Camryn's dad got her a phone. Yes, my 7 year old child has a phone...a touchscreen no less. She had been asking for a phone and it was just a crazy thought to me. She's always with me. So of course, I kept telling her no...maybe when she is 13 I'll consider it. Anyway...he sent her one...for whatever reason. So now I get text messages like this from time to time:



Or from the backseat of the car I'll get a text that says "hi" or like this morning when I was getting ready for work I get a text that says "dance stuff is ready" from her bedroom. I'm really not sure what I was thinking NOT getting her a phone...she OBVIOUSLY needed one!

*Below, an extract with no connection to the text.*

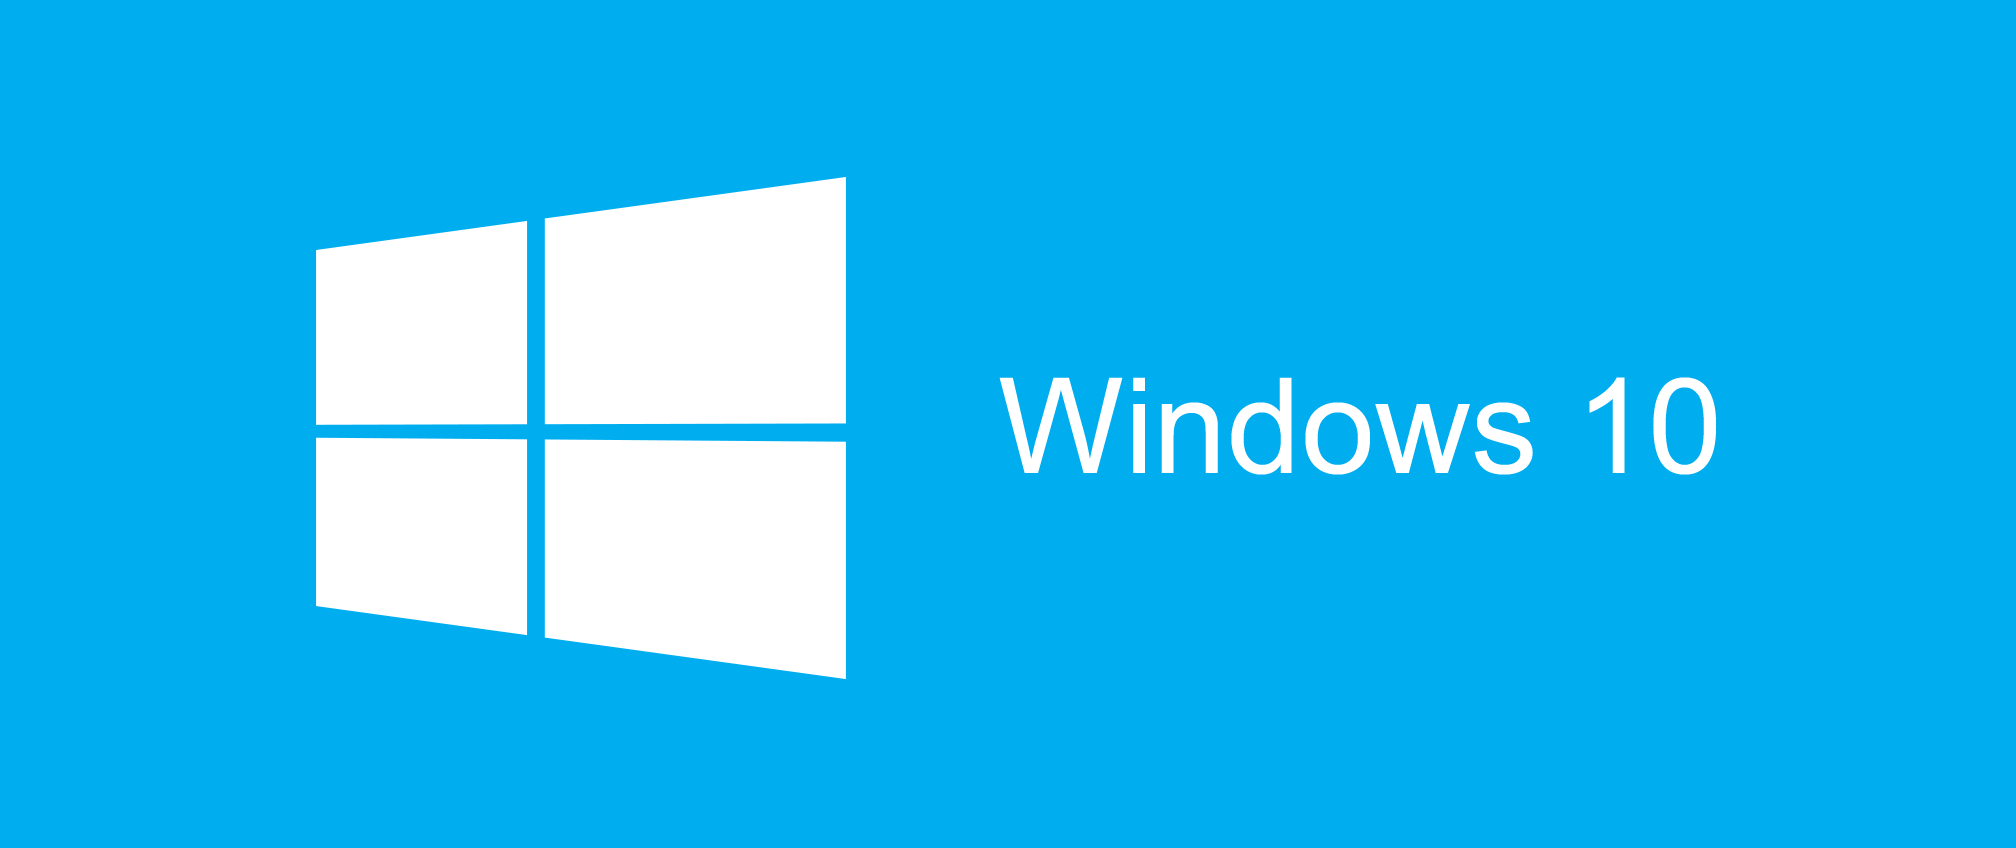 Переход на Windows 10 для пиратов будет бесплатен - фото 1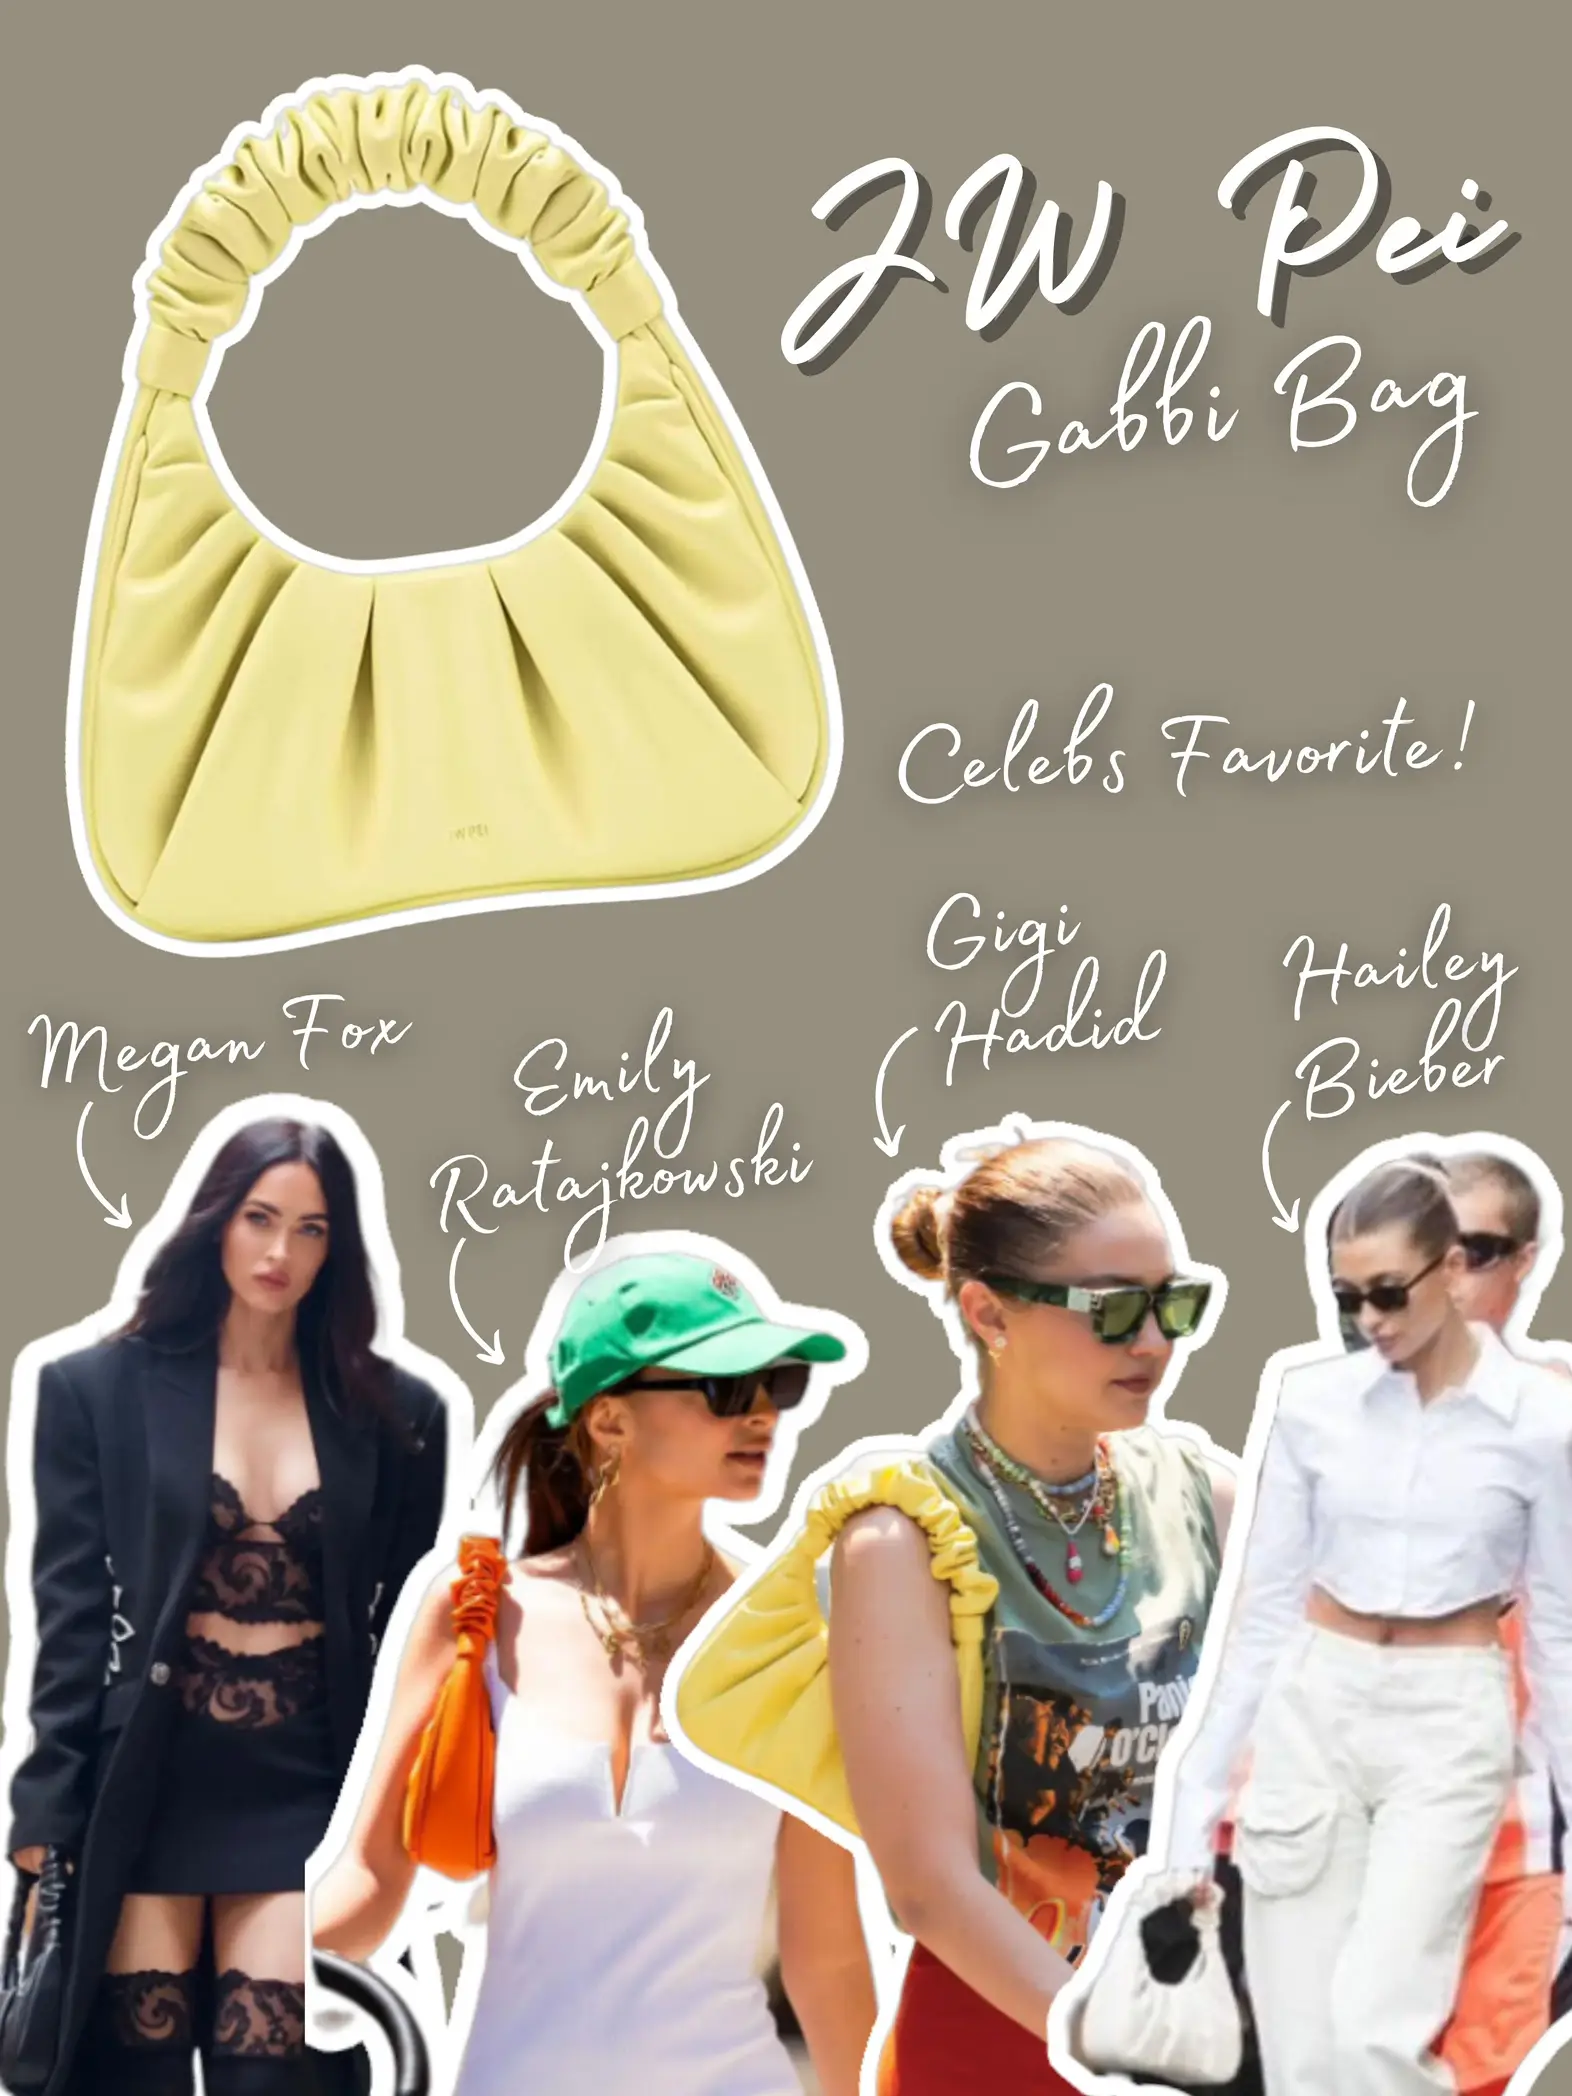 Emily Ratajkowski, Megan Fox and Gigi Hadid's JW PEI Handbag Is on

So, she is officially a 2nd grader now. *sigh* That sounds so much older than 1st grade. She finished her 1st grade year with straight A's all year. I'm so proud of her! I don't know that I ever got straight A's. She's a smart little cookie and I am so thankful for that! She had to start daycare today. She was nervous and told me her hand was shaking. I absolutely hate leaving her somewhere she isn't comfortable but I know that's part of life and she will be fine. It's just so hard to know you child is nervous.
Yesterday my mom came over and we tackled the job of cleaning out my pool. It was nasty. We chose to do it in the middle of the day, which was really smart considering it was 93 degrees with not clouds. And to top it off, my house needs insulation so it doesn't cool. So to go inside to a house that was 83 degree's was not fun. Of course my mom did most of the work...it's just the way it goes. I was raised in a home with 3 first born children...so I'm not exactly one for having to work hard...everything was always done. lol Anyway, we got the yuck out and now we just need to scrub and fil'er up. Speaking of my Mom, today is her birthday!! Happy Birthday, Momma!
Saturday I got to spend some time with my sister. I met her at 9:30am and we went shopping. I need some new work clothes and I have NO fashion sense and can't match stuff...so we played What Not to Wear. I don't get to see her much so it was fun to spend a few hours together!
I guess that's about all the catching up I have for now!